上京してから1年3カ月が経ったころ、本当に何かの偶然で不動産屋のウェブサイトを見ていた時、私は衝撃を受けました。なんと、東京には郊外というエリアがあり、そこでは同じくらいの広さの部屋でも、家賃3、4万円台の物件がゴロゴロしている、というのを発見したのです。
やっぱり、7万円という家賃は異常に高かったんだ、これ以上、異常なものに自分を合わせなくていいんだ――。
私の直感的な疑問を肯定してもらったような気になって、それだけでもずいぶんラクになりました。
いま振り返ると、四畳半の北部屋に7万円も払うなんてアホかと思いますが、それは知識が身についた今だから言えること。上京したばかりの田舎者の私にとって、「東京でも郊外に行けばアパートは安く借りられる」ことに気がつくのは、とても難しいことだったのです。もっと早く気づいてさっさと引っ越していればよかった、と思うこともありますが、こればかりは本当に、タイミングというものがあるのかもしれません。
東京で家賃7万円なんて普通だよ、と言われたら、「あなたにとってはそうなんですね」と思っておけばいいのです。

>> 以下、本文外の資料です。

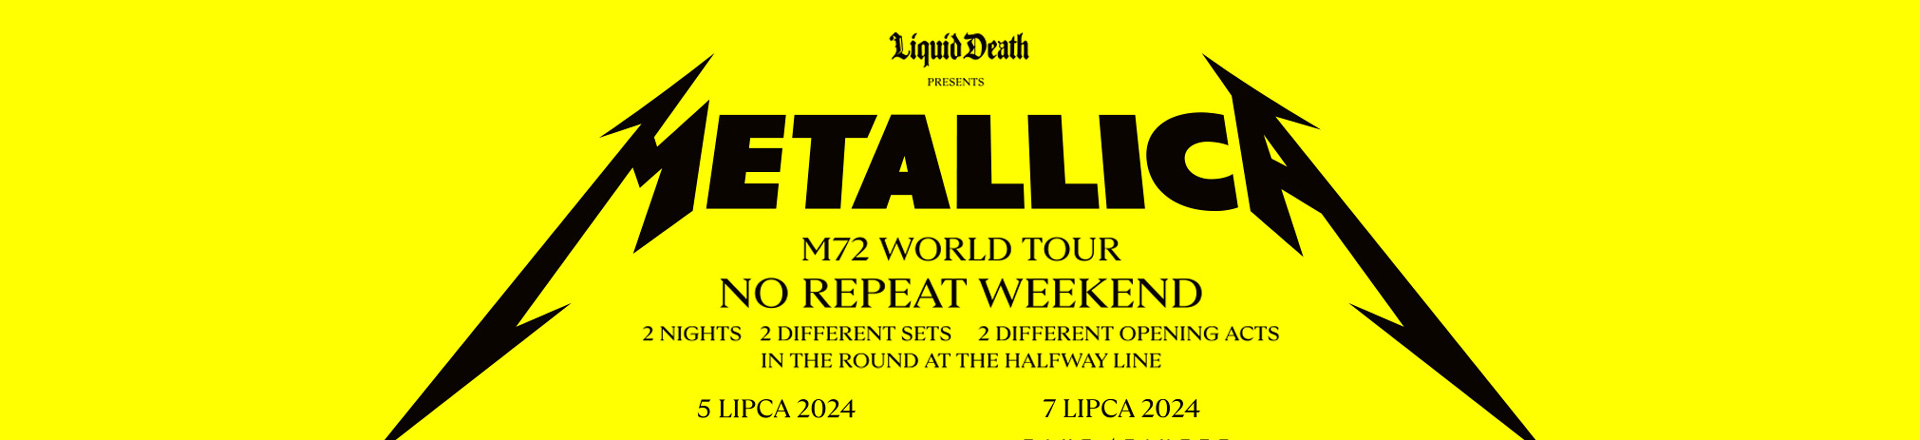 Metallica - M72 World Tour - bilety jednodniowe

他の誰でもなく、自分にとっては高い、というのがわかっただけでも、「自分だけの幸せのサイズ感」に一歩近づいたということなので、喜ぶべきことです。
自分にちょうどいい「幸せのサイズ」
自分にちょうどいい幸せのサイズ感がどれくらいなのかは、当然ですが人それぞれ。初めからわかっている人は稀ですよね。やはり親元を離れ、すべて自腹で生きるという経験をしないと、自分には何が必要で何が不要なのか、真剣に問いかけることをしないまま済ませてしまいがちです。ひとり暮らしをすることの最大のメリットは、「どうすれば自分が幸せなのかに強制的に向き合わされる」ということかもしれません。
それから新しい環境では、何が普通で何がおかしいのか、初めはわからないこともあります。最初は何度か失敗もするでしょう。
でも、その社会で当たり前とされていることは、必ずしも正しいとは限りません。みんなが当たり前のようにこなしていても、自分は苦しいと思うなら、それでいいんです。自分だけの実感に、他人がとやかく言う筋合いはありません。他人と比較して、どちらのほうがより苦しいというのも無意味です。
ただ、苦しいと思ったその気持ちは、そこから抜け出すためにいつか必ず役に立ちます。それまでどうか失くさないようにしてください。自分だけの実感を、「社会の当たり前」に明け渡してしまわないことが大切です。